Fagioli et Rossini triomphent au Théâtre des Champs-Élysées
Le répertoire de ce récital est celui d'une mezzo-soprano ou de contralto colorature, dans des rôles travestis. C’est la solution transitoire adoptée par Rossini (et quelques belcantistes des débuts), entre la période, presque révolue en ce début de 19ème siècle, où les castrats tenaient les rôles de primo uomo (le jeune héros amoureux) et celle, qui se profile alors, où les ténors s’en empareront pour ne plus les lâcher. Ces airs requièrent du corps, de la présence et de la bravoure vocale. Franco Fagioli n’en est pas dépourvu ! Il assume avec vigueur, vaillance et poésie aussi, ces scènes constituées toujours de longs récits chargés de diverses passions et d’airs virtuoses. Il les assume sans ostentation avec une belle prestance scénique, mettant au service du caractère des personnages l’exécution maîtrisée des coloratures (sans les incessants mouvements parasites du corps qui, chez bien d’autres dans ce répertoire, viennent amoindrir la portée de la performance vocale).
Les récits ariosi (récits accompagnés par l’orchestre) sont tous très convaincants, incarnés, tant du point de vue de la caractérisation (le héros, guerrier le plus souvent, est toujours bien campé) que des passions qui se déploient. Doté d’une belle prestance physique, avec sobriété, l'interprète sait chaque fois contribuer à une incarnation et une présence efficaces. Les airs sont exécutés avec maestria, dans un engagement du corps qui n’est pas seulement celui de l’effort déployé, mais celui du héros dans toute sa puissance. Un petit bémol, tout de même, qui tient dans une petite faiblesse du medium de la voix, particulièrement sollicité dans ces airs, lors du crescendo accelerando systématique qui caractérise la strette finale (partie d'accélération et de resserrement à la fin d'un air), juste avant les cadences brillantes conclusives : dans ces moments la voix est quasiment toujours couverte par l’orchestre pour triompher ensuite dans les graves parfaitement poitrinés, et les aigus sonores voire guerriers de la cadence finale (ce qui pourrait rendre délicate, peut-être, une production scénique). Un autre petit maniérisme a consisté à produire, sur des notes tenues lors des récits, de jolis et longs trilles, peu utiles quant à l’incarnation rhétorique déployée là, cédant alors sans doute au plaisir de produire de la belle voix. Mais rien de tout cela n’entache une prestation époustouflante et un sacré tour de force : dans un opéra, on chante au maximum deux airs comme ceux-là, il en a chanté 6 dans ce concert de 1h50, si l’on rajoute le « bis » flamboyant qu’il a offert au public !
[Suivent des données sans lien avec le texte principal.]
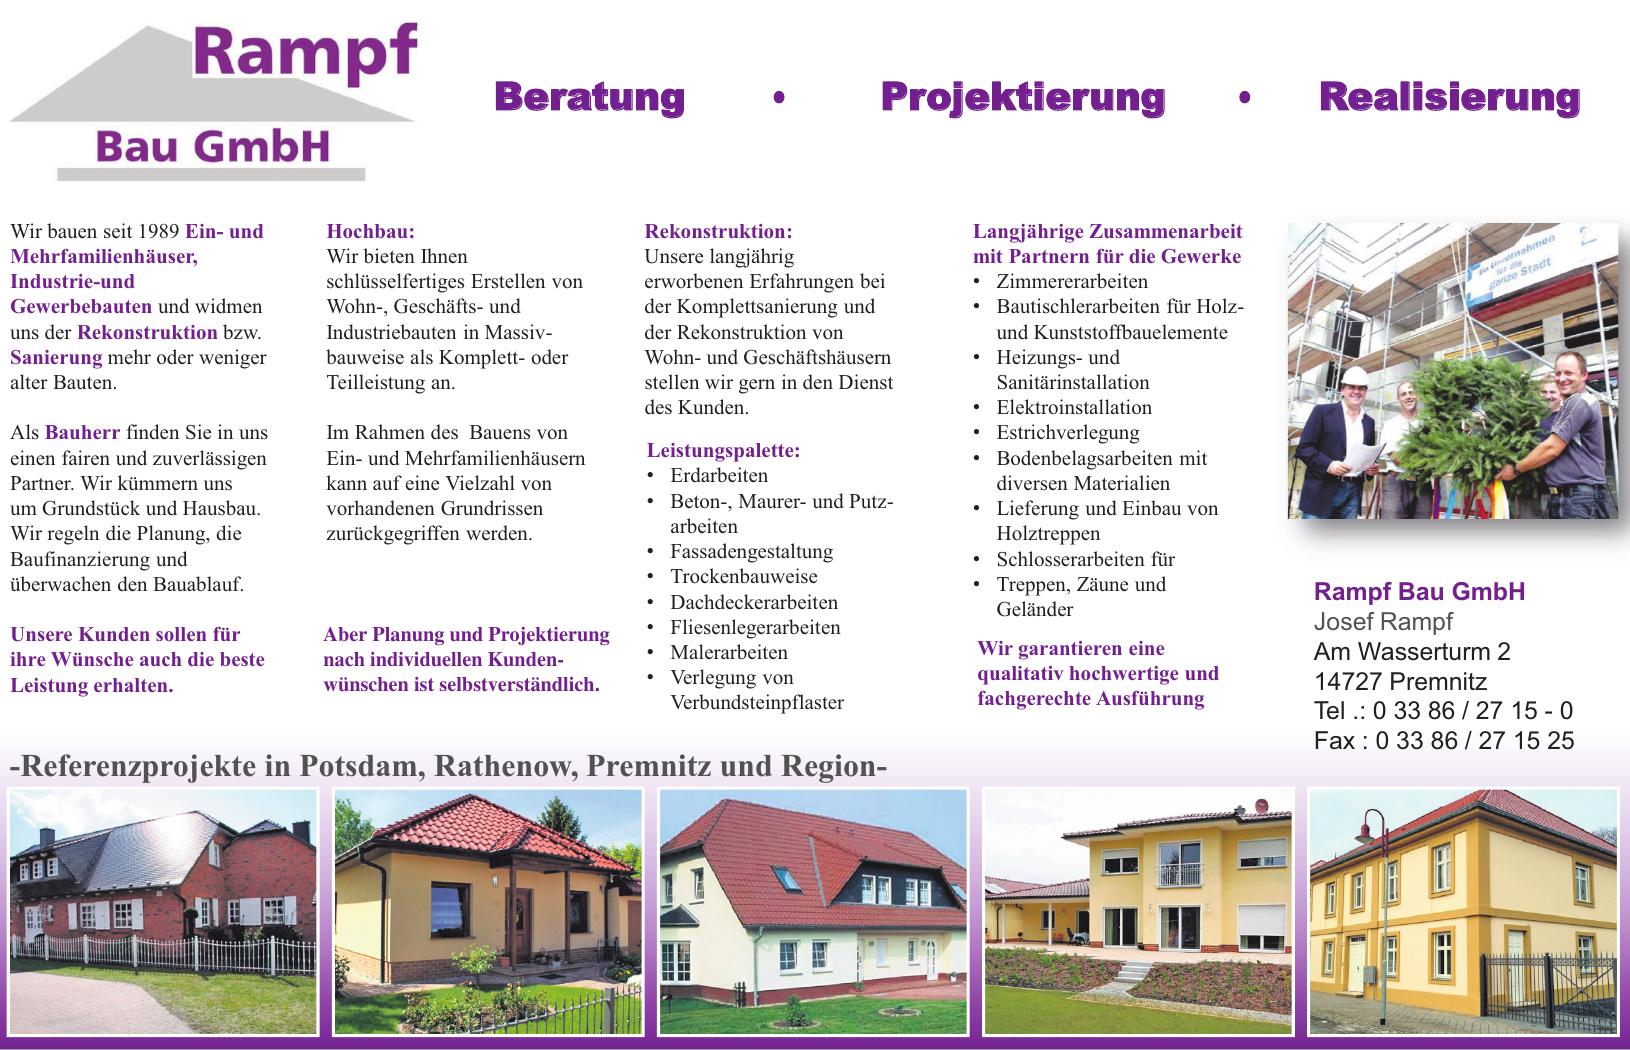 Rampf Bau GmbH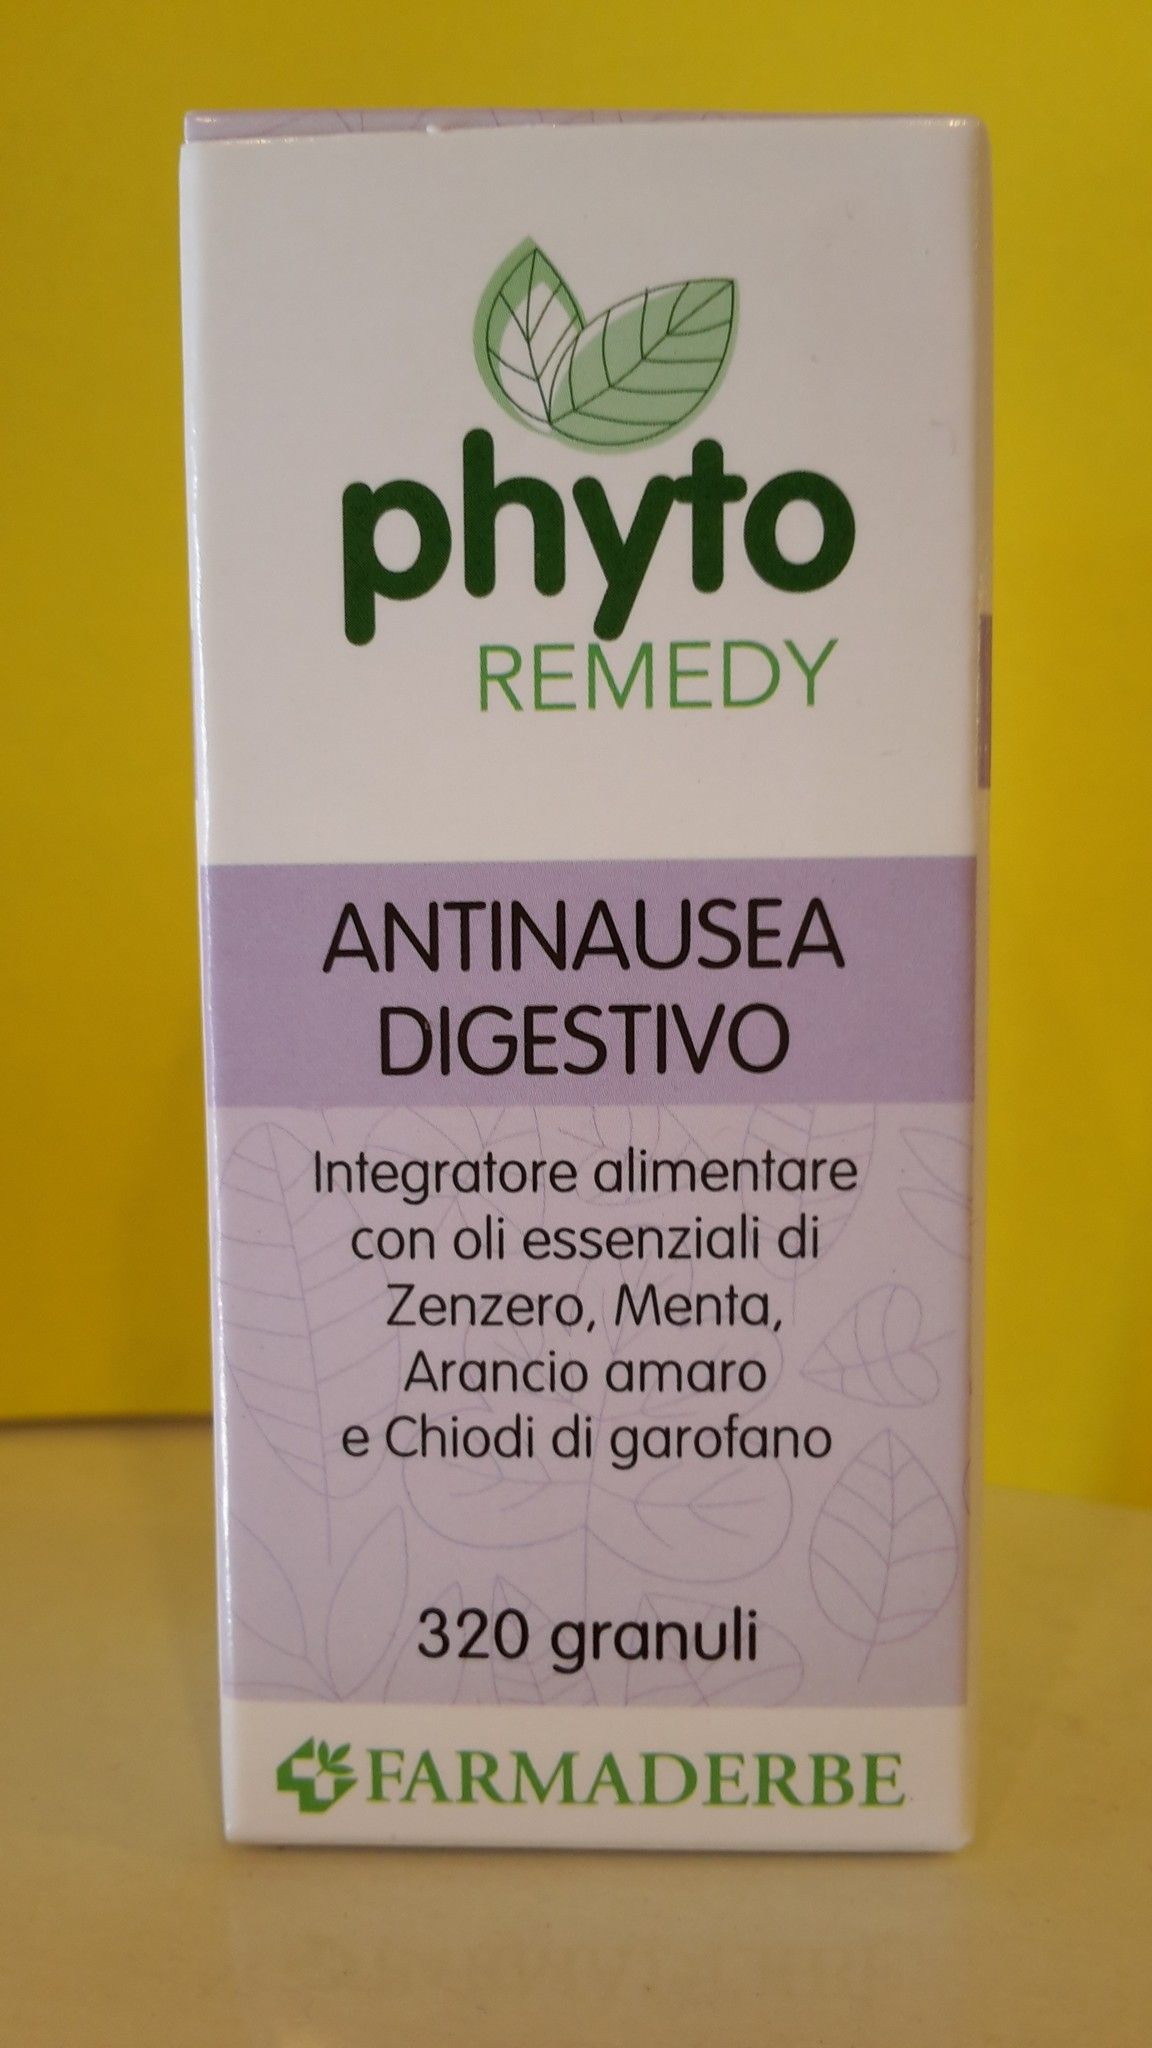 Phyto Remedy ANTINAUSEA  digestivo  320 granuli - FARMADERBE

Franco Fagioli (© Thibault Stipal / Naïve)
L’orchestre a pour sa part donné tout seul, hormis des ouvertures de Rossini (Demetrio e Polibio et Semiramide), une jolie série de variations pour clarinette (exécutées avec brio par Spiros Mourikis) ainsi qu’une curiosité : une Sinfonia, tirée d’une cantate, Ulisse agli Elisi, et composée par Nikolaos Mantsaros (1795 – 1872), premier « compositeur d’importance que la Grèce moderne ait connu », selon le programme. Il s'agissait de la première « pièce de musique symphonique composée pour un orchestre à corde par un musicien grec ». L’Armonia Atenea, a été à la hauteur du spectacle dans une musique qui n’est pas son cœur de répertoire et qui demande à la fois de la chair et de l’esprit. Cela doit pétiller de part en part et nous ravir dans les crescendi qui concluent ces grands airs de bravoure ! Un léger bémol concernant les solistes des bois (basson et hautbois, un peu faibles dans les parties solistes acrobatiques…), n’a pas gommé l’impression générale d’une phalange efficace, capable de poésie et d’exaltation. Le public, après avoir ponctué ces prestations d’applaudissements nourris, a offert un triomphe (mains, voix et pieds) bien mérité !
Cela est d'autant plus remarquable que Franco Fagioli ne possède pas à proprement parler la voix de destination de ces œuvres. Il est contre-ténor (countertenor). C’est-à-dire, historiquement, une voix qui, en Angleterre par exemple, assurait les parties d’alto dans les polyphonies spirituelles. Et si quelques solistes ont émergé (chez Purcell et plus rarement chez Haendel), ce n’était pas une voix de soliste et encore moins une voix destinée à la scène.